Quantitative ERD Measurement
ERD measurements are listed in Table 3. In all groups, ERD with TrueFidelity was significantly shorter than that with ASiR-V and FBP (Fig. 5D). Lower TrueFidelity strength resulted in a significantly shorter ERD in all groups (TFL < TFM < TFH). The ERDs of TrueFidelity for all patients were 1.72 mm, 1.74 mm, and 1.77 mm for TFL, TFM, and TFH, respectively, which were 10.9%, 9.8%, and 8.3% lower than the 1.93 mm of FBP, whereas the ERD of AV100 was 1.96 mm, which was 1.6% higher than that for FBP.
Table 3. Summary of Edge Rise Distance Measurement.
Patients (WED Range) | FBP | AV50 | AV100 | TFL | TFM | TFH | P * |
---|---|---|---|---|---|---|---|
All | 1.93d ± 0.44 | 1.92d ± 0.45 | 1.96e ± 0.47 | 1.72a ± 0.41 | 1.74b ± 0.41 | 1.77c ± 0.42 | < 0.001 |
Group 1 (< 18 cm) | 1.65e ± 0.25 | 1.62d ± 0.25 | 1.64e ± 0.23 | 1.46a ± 0.24 | 1.47b ± 0.24 | 1.48c ± 0.24 | < 0.001 |
Group 2 (18–23 cm) | 1.95d ± 0.37 | 1.96d ± 0.37 | 2.00e ± 0.37 | 1.75a ± 0.33 | 1.76b ± 0.33 | 1.78c ± 0.33 | < 0.001 |
Group 3 (> 23 cm) | 2.24d ± 0.48 | 2.25d ± 0.48 | 2.31e ± 0.51 | 2.01a ± 0.44 | 2.05b ± 0.43 | 2.09c ± 0.43 | < 0.001 |
Data are presented as mean ± standard deviation in mm. The same superscript represents the same group in the Bonferroni post hoc test (the alphabetical order [a-e] indicates ascending order). *p values were calculated with repeated measures ANOVA among the six groups.
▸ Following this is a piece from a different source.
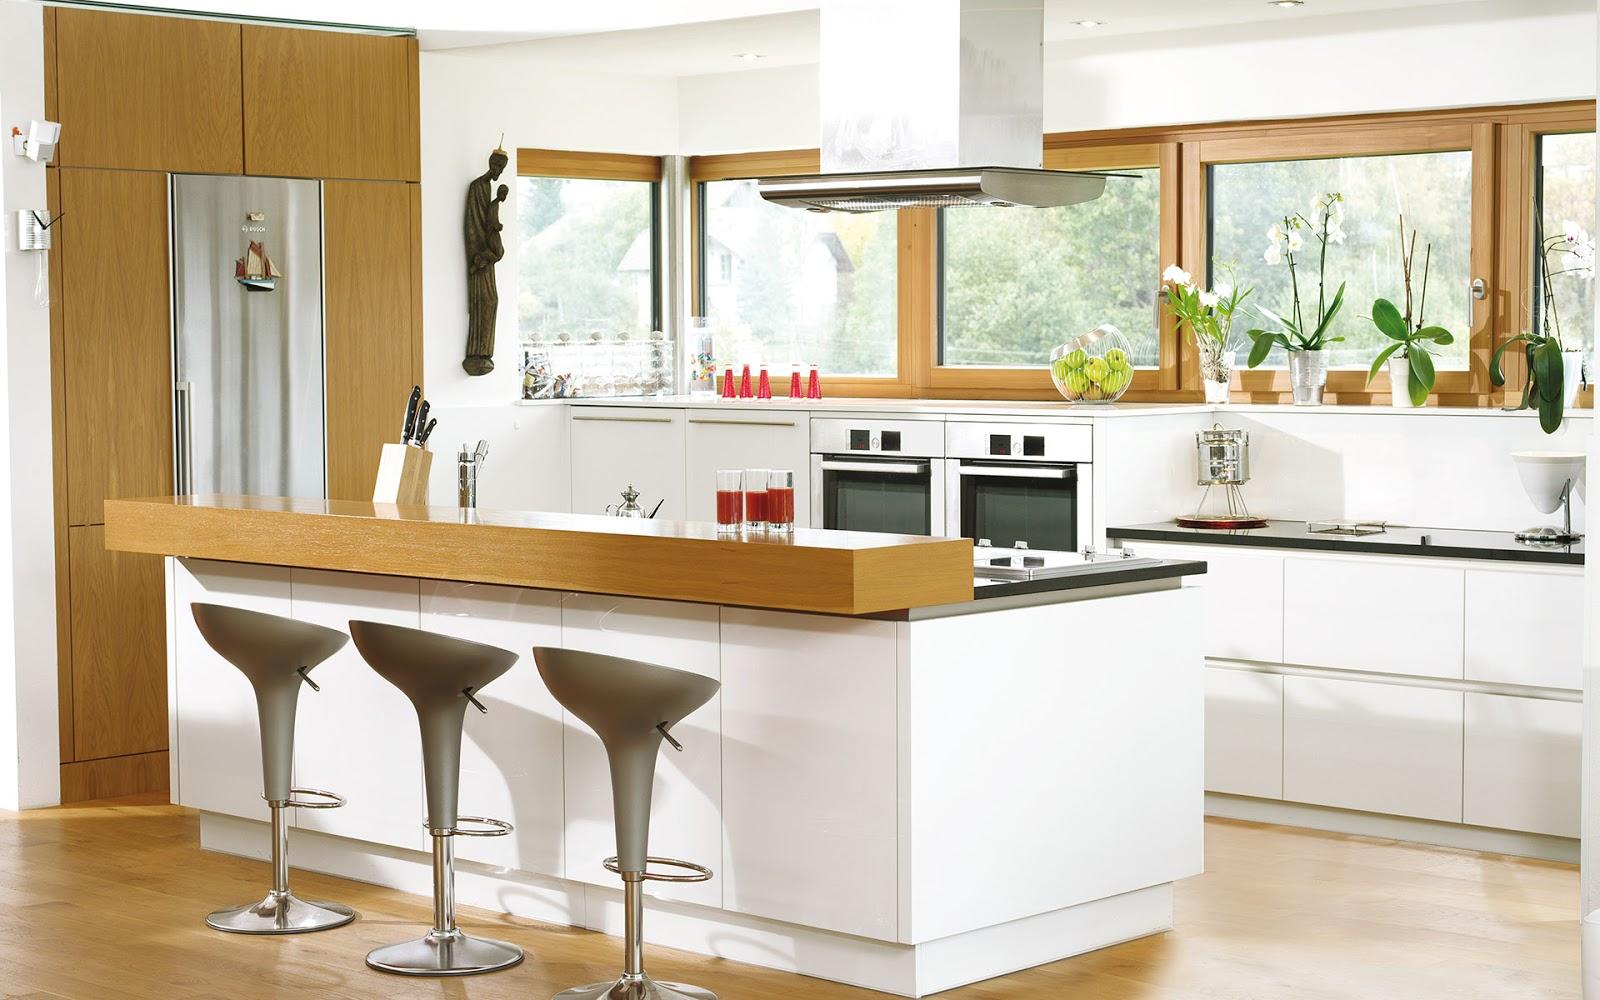 30 ideas de mesas y barras para comer en la cocina - Como disenar un bar en casa ...

AV50 and AV100 = adaptive statistical iterative reconstruction–V with a blending factor of 50% and 100%, respectively, FBP = filtered back projection, TFL, TFM and TFH = TrueFidelity with low, medium and high strength levels, respectively, WED = water equivalent diameter
Qualitative Image Quality Parameters
The image noise, edge definition, and overall quality ratings for all images are summarized in Table 4. AV100 provided a better image noise assessment score than TrueFidelity, while TrueFidelity achieved a better edge definition than ASiR-V for all patients. For overall quality, TFH scored higher than ASiR-V in all patients. The inter-reader agreement between the two readers was good (κ = 0.65).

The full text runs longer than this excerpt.